Cities are supposed to benefit from agglomeration economics, or the benefit of scale. Agglomeration occurs through the closeness physical capital, companies, consumers, and workers. There is a flipside. Poorly planned agglomeration (infrastructure) can see cities choke as infrastructure fails to keep up with spread. Yes, that means more inner-city living close to existing infrastructure and a world-class transport system far beyond what Auckland has, which will need to be paid for by society.
A rise in the tax burden over the next decade is inevitable. The only question is the magnitude, which will be a function of growth, and the spending efficiency of the tax/levies/rates paid.
Liveability
Auckland is slipping down the rankings and “economics” is at the core.
Auckland ranked 85th in Oxford’s Global Cities Index 2025. Wellington came in at 78th. For perspective, Australia had three cities in the top 20.

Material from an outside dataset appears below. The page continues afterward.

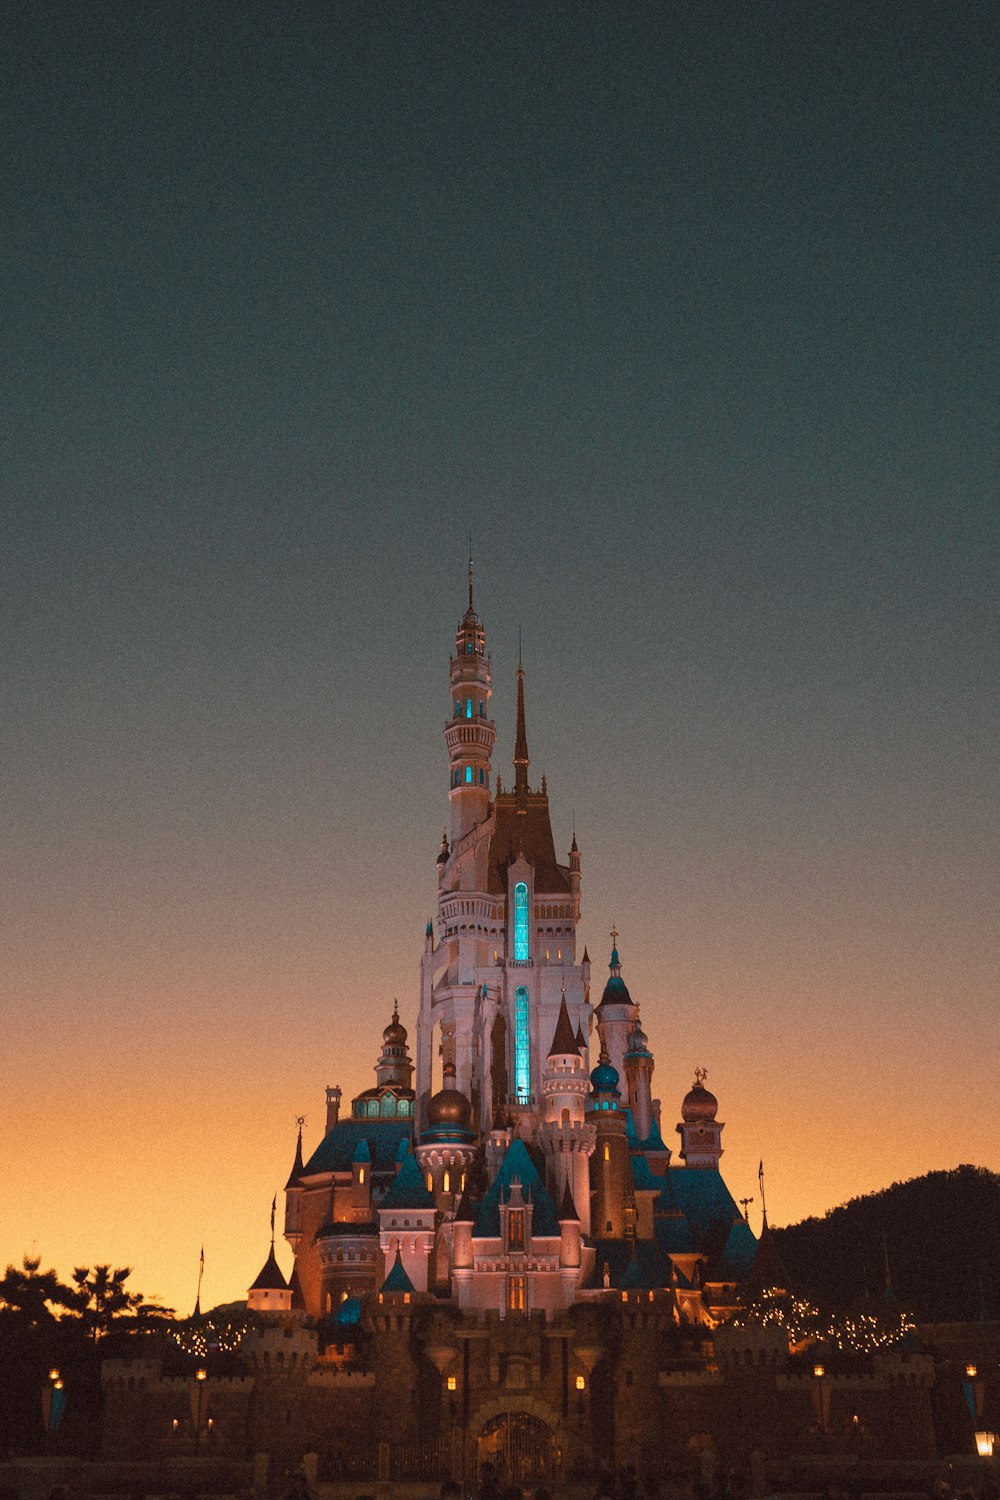 Un castillo iluminado por la noche con un fondo de cielo

Driving the (lower) ranking were low scores for Economics and Quality of Life, with Auckland ranked 154th for economics, which covers a city’s size, growth, GDP per person, employment, stability, and economic diversity. The quality-of-life ranking was 239th. This covered income inequality, income per person, housing expenditure, life expectancy and the crime rate. Auckland commuters lose 66 hours a year stuck in traffic and its rising. Goodbye quality of life. Hello, Central Otago and the South Island.

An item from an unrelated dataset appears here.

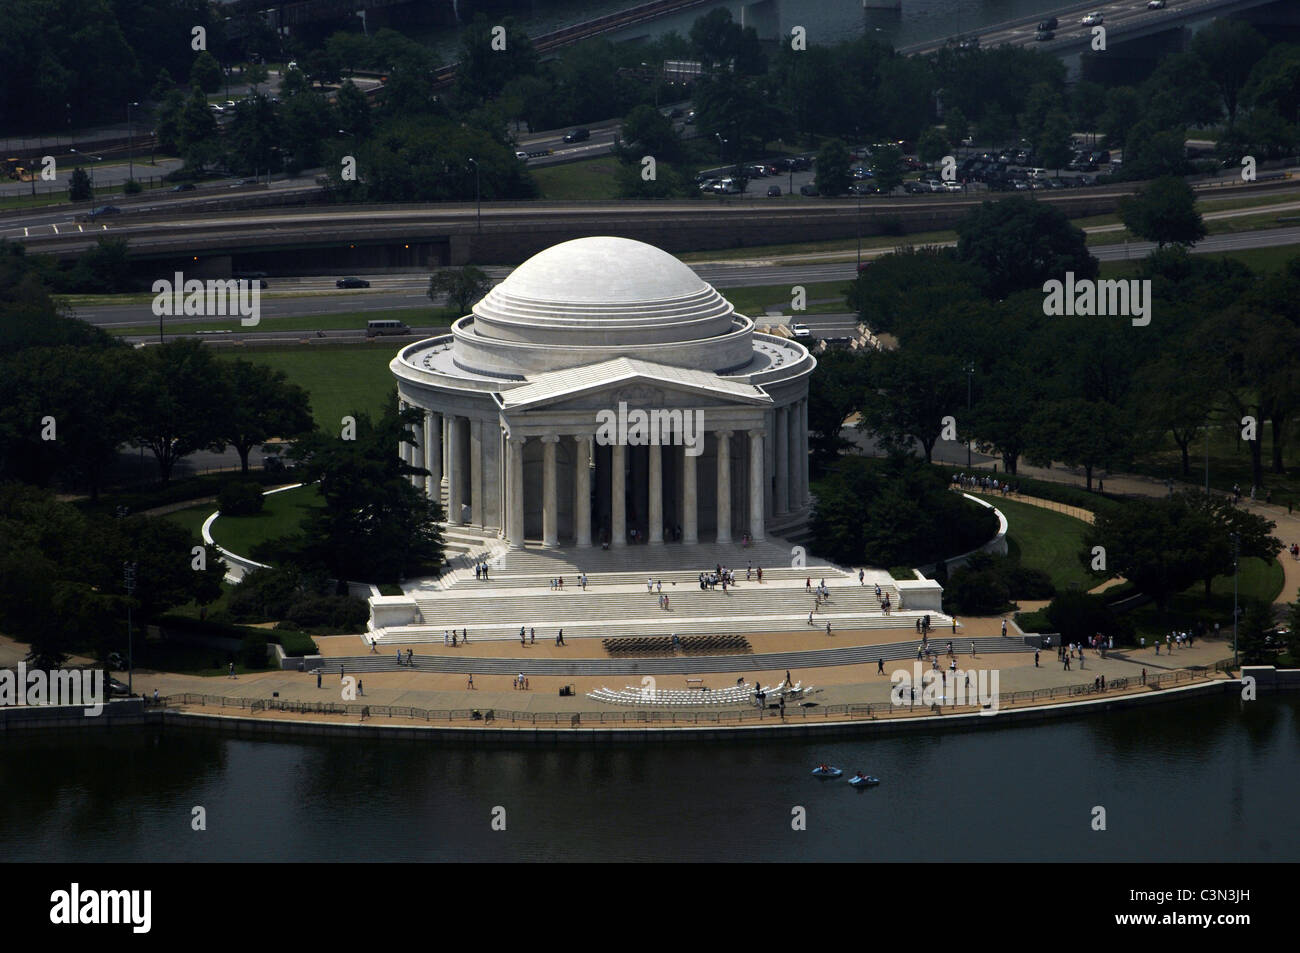 United States. Washington D.C. Thomas Jefferson Memorial. Stock Photo
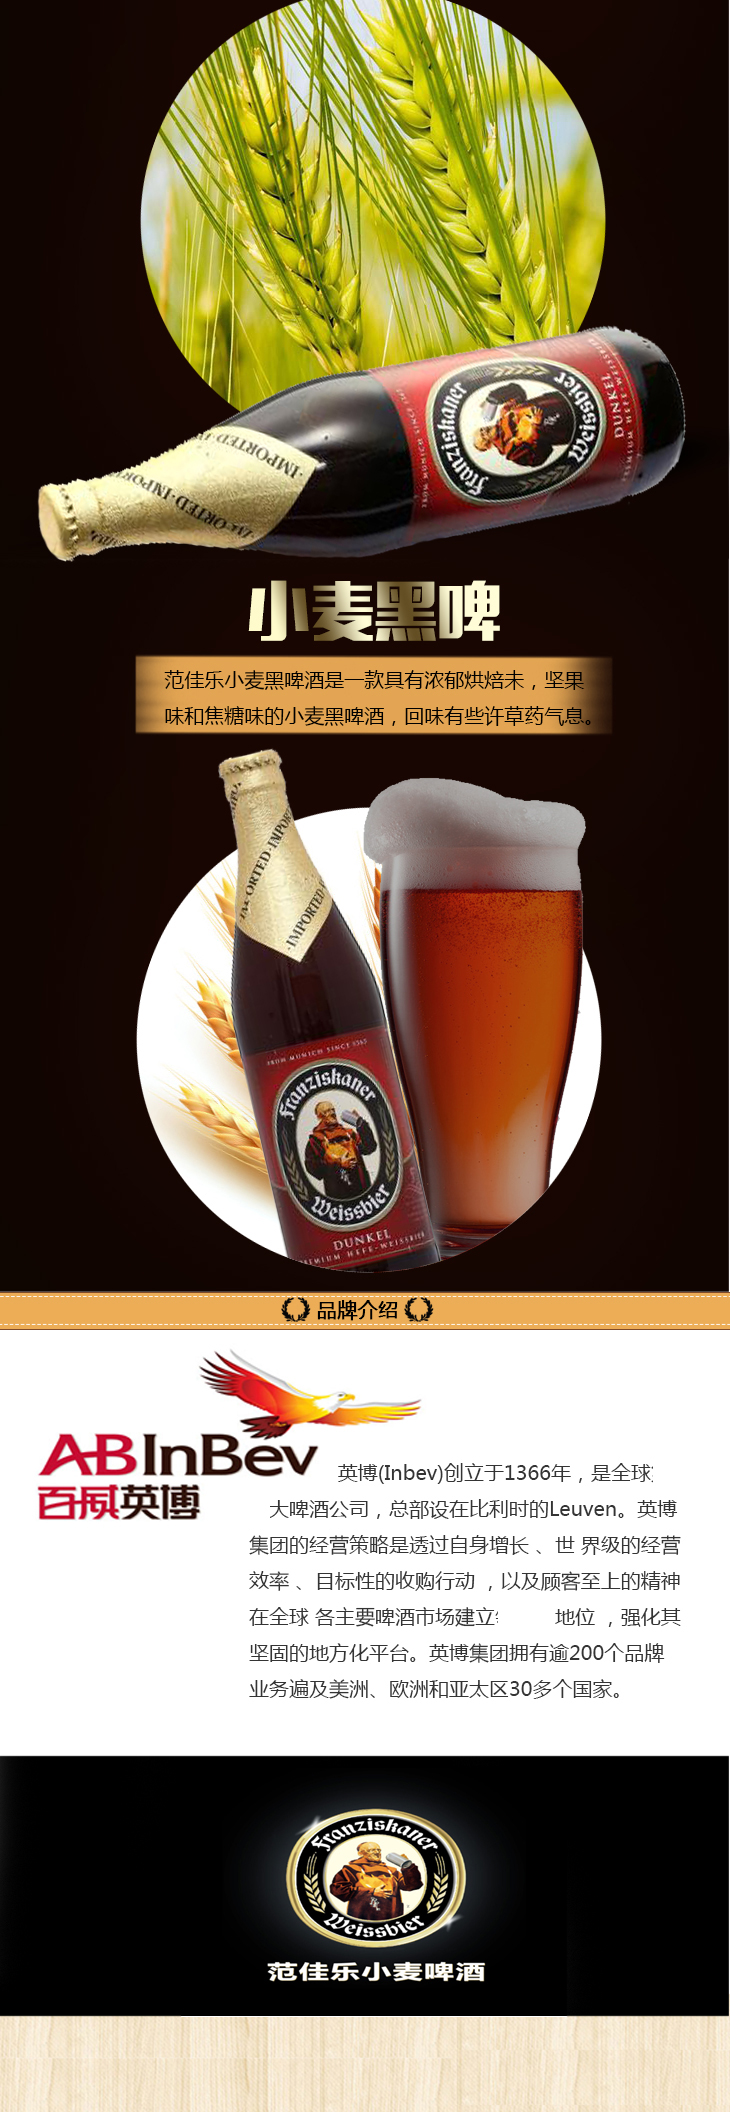 【中粮海外优选】德国范佳乐(又名教士)小麦黑啤酒 (瓶装 500ml)10支

Auckland was benchmarked in 2024 (The State of the City Benchmarking Tāmaki Makaurau Auckland’s international performance), against Vancouver, Portland, Austin, Dublin, Copenhagen, Helsinki, Tel Aviv, Brisbane and Fukuoka as comparable cities.
Oxford ranked eight of the comparables higher. Vancouver (37th), Portland (50th), Austin (47th), Dublin (13th), Copenhagen (18th), Helsinki (38th), Tel Aviv (36th), Brisbane (23rd) with Fukuoka the exception, coming in at 205th.
Auckland has lost ground. A common denominator is Auckland’s low rankings for the economy and quality of living. But so has the nation when you look at GDP per capita ranking, which is in the lower quartile of the OECD.
It all starts and ends with productivity
Forget about grand visions. Think small to stand tall. Focus on productivity. We all know the stats. Productivity used to average 1.4% a year in New Zealand. The decade average is now 0.3%. Lacking productivity translates into an income problem, which magnifies cost-of-living pressures.
The enablers are not sexy or grand. They are competition, innovation, AI, digitisation, quality infrastructure spend, red tape, and education. Signs are promising in some areas (education), sub-par in others (AI embracement), flip-floppy in others (necessary housing intensification) and downright disappointing when it comes to competition policy.
There are supposedly some exceptions to New Zealand’s productivity trend. Annual average labour productivity growth in Auckland city centre over the last 20 years (1.6%) has been double that of the rest of New Zealand (0.8%), according to the July 2025 edition of the Auckland Economic Monitor.
The city centre has apparently kept this up since 2019, with the city centre’s productivity premium over the rest of New Zealand rising from 21% in 2004 to 40% in 2024. Agglomeration economics can work. If you want agglomeration economics to work, look no further than having a major proportion of your population around the CBD or easily accessible to it. And that requires transport infrastructure. Much hope is being placed on the City Rail Loop but Auckland suffers from not having a broader rapid transport system.
The bottom line
Beware the promise or the allure of magic potions. They tend to be snake oil. No grand vision for Auckland will ever work if we do not have a productivity and income story to back it up. Get the foundation right before you build the house.
My big hope this year is that New Zealand moves towards the political centre, going against the trends we are seeing globally. With that, the prospect of real long-term decision-making becomes more feasible.